In the last couple of years we have seen a proliferation of the use of GANs in the scene we laughably seem to refer to as ‘AI Art’. Often these GANs are trained on faces, and every few months we see another higher-quality video of faces morphing into each other.
These models are the result of thousands of hours of processing time – to borrow a phrase from the crypto-currency community – they are a literal ‘proof of work’. Trillions of calculations, rendered as a block of numerical weights, ready to be replicated and interrogated.
These products of digital labour are scattered all over the web.
Artistically, these models can be considered ‘found objects‘
Found object originates from the French objet trouvé, describing art created from undisguised, but often modified, objects or products that are not normally considered materials from which art is made, often because they already have a non-art function.
A box of infinite faces
For this work, the found object is the FFHQ styleGAN model from Nvidia.
The model has been trained on the Flickr-Faces dataset, which contains 70,000 faces, and is frequently used as a benchmark for various computational face-related tasks. This model is able to produce an infinite number of novel faces – as demonstrated by websites such as https://thispersondoesnotexist.com/ .
In addition to generating new faces, it is possible to ‘find’ faces that are similar to ‘real’ faces. We effectively ask the network to imagine a face, based on an existing photograph – somewhat akin to a Police Sketch artist recreating a mugshot from the verbal description of a witness. It is not a direct reproduction of an image, but a ‘closest approximation’ derived from the latent space of the trained network.
For some images, this works very well.
For others, it produces horrors from the uncanny valley.
Mathematically speaking, these two attempts to find my face may be equally ‘successful’ – i.e. the algorithm has done its best. But to the human observer the second image is clearly ‘wrong’.
The human brain dedicates huge resources to the problem of recognising and reading emotional state from other faces. Its unsurprising that we are highly tuned to spotting when we’re being duped.
Contrast this with the machine-imagined cats at https://thiscatdoesnotexist.com/ – we aren’t as well versed in spotting the nuances of the cat face, hence a slightly wonky cat is much less disturbing than a slightly wonky human face.
One could argue that the whole history of portraiture is about playing at the edge of the uncanny valley. A good portrait captures the character of the subject and tickles our brain in an aesthetically rewarding manner.
The journey of a portrait starts with the perception of the artist, who transforms it through expression and technique, resulting in a work that is viewed and interpreted by the viewer.
Some say all portraits are self-portraits.
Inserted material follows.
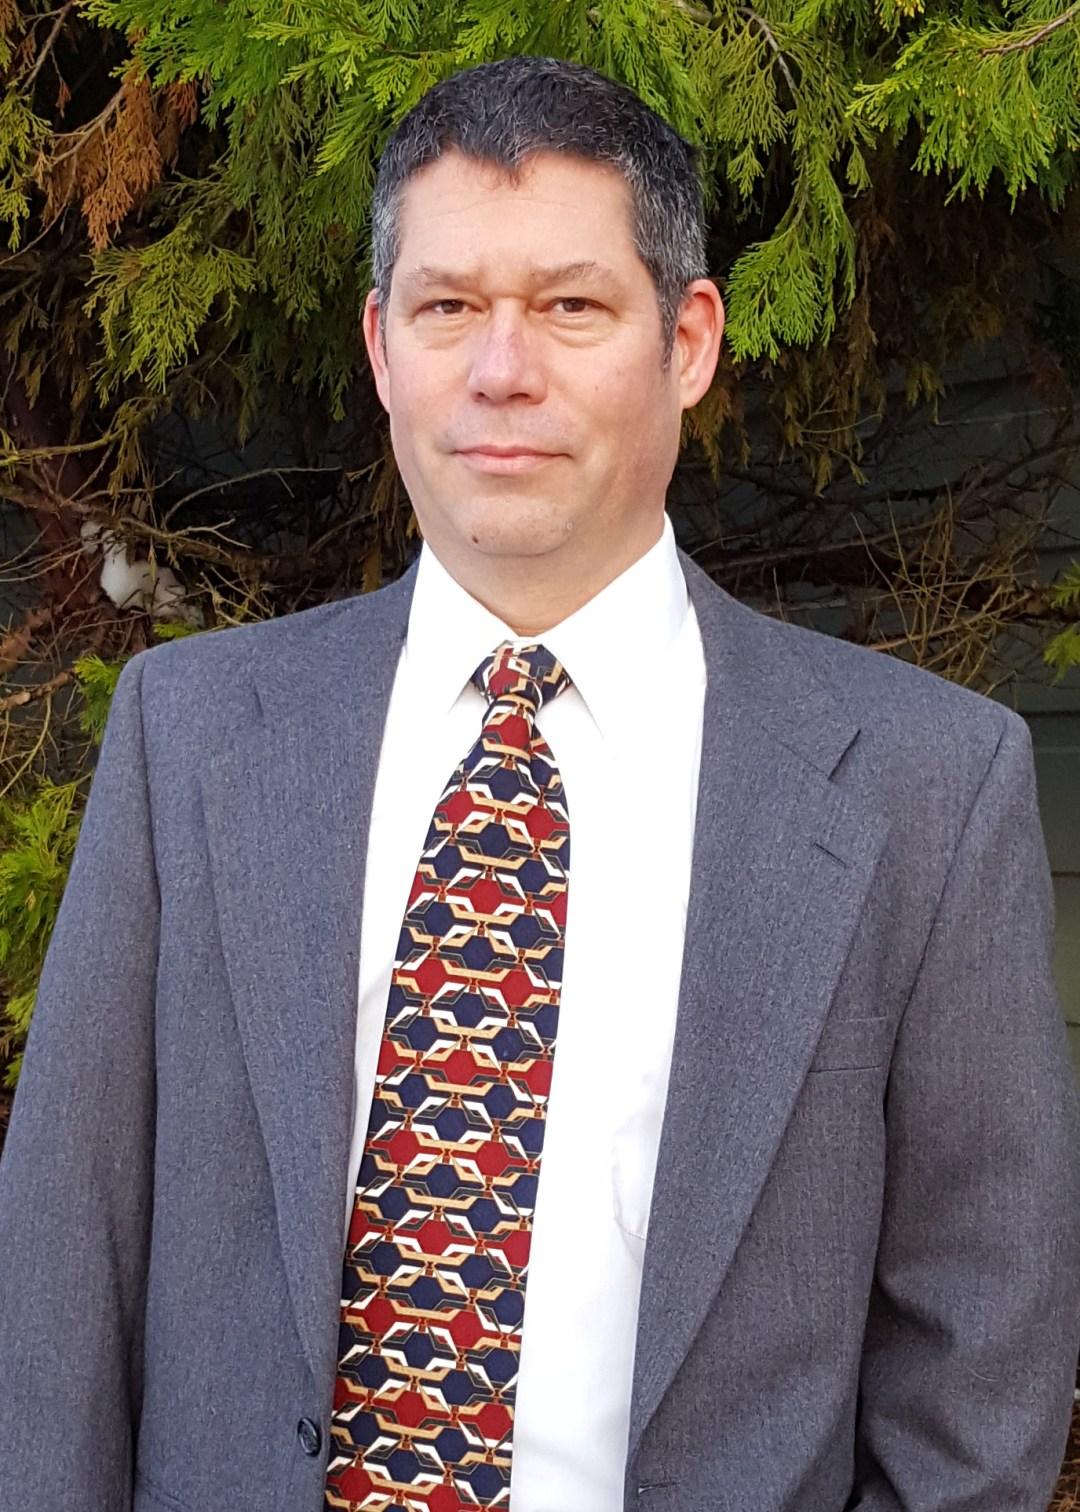 Kerry Kovarik
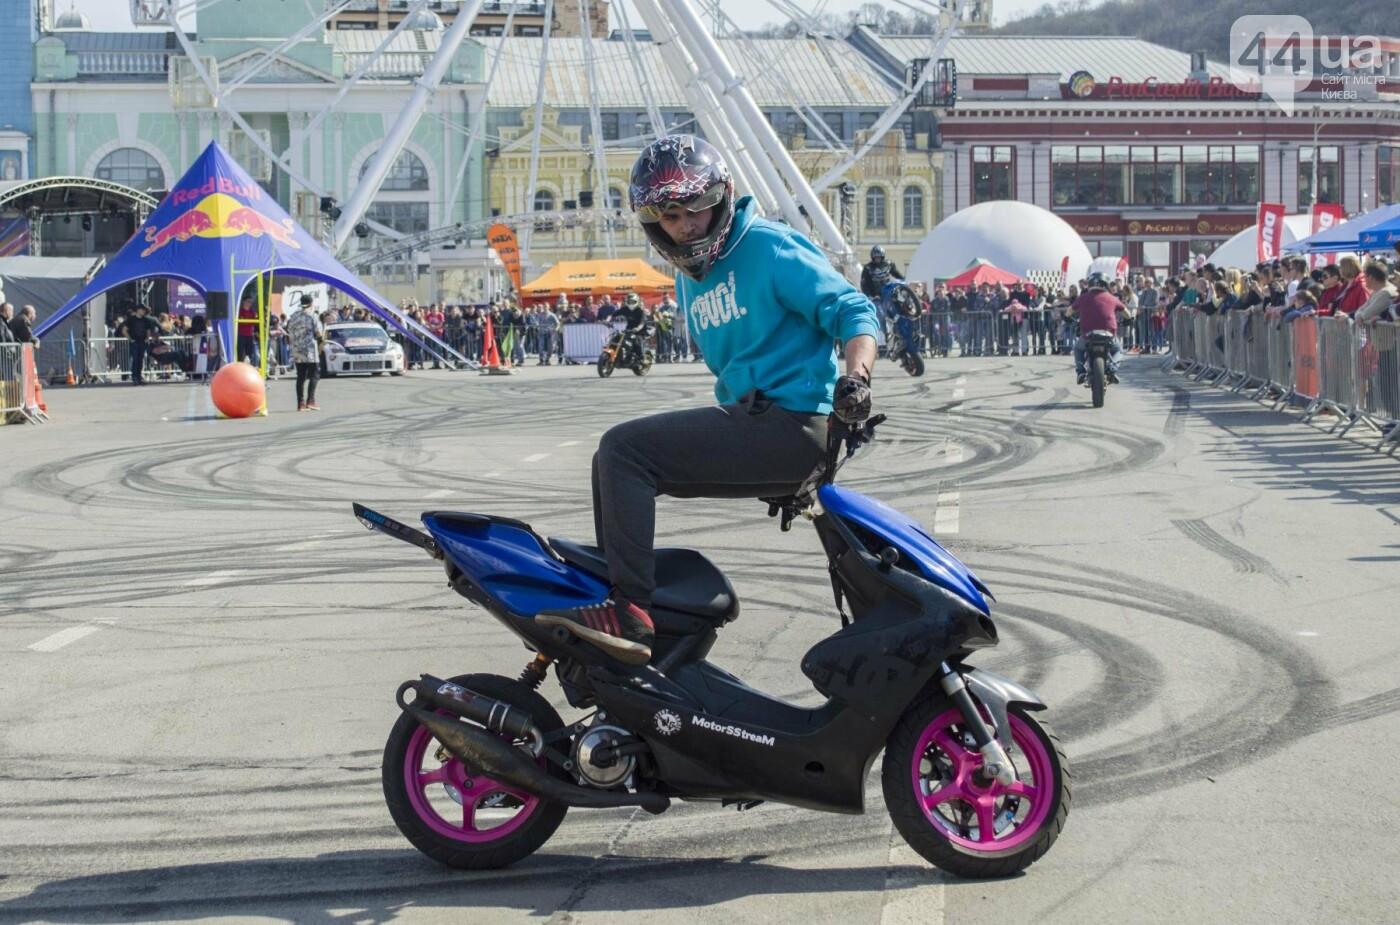 Мотогонки, автошоу патрульных и мощный дрифт: на Подоле проходит масштабный фестиваль драйва, фото-4

That the artist is inevitably entwined with her work – perhaps GAN faces should be considered as self-portraits as well?
Portraits of the network that produced them.
Moving through face-space
The video for Cry by Godley & Creme hit the world’s 4×3 CRT screens in 1985. A simple concept, beautifully realised, and on a personal note, perhaps my first encounter with the concept of the face-morph.
The method used is relatively simple, a series of actors singing the song, straight to camera, blending into one another with some video fades. A more sophisticated version of the concept appeared in Michael Jackson’s video for Black & White, released in 1991.
I have been using (less sophisticated, but somehow more disturbing) face-morphs as part of The Private Sector‘s live AV for several years.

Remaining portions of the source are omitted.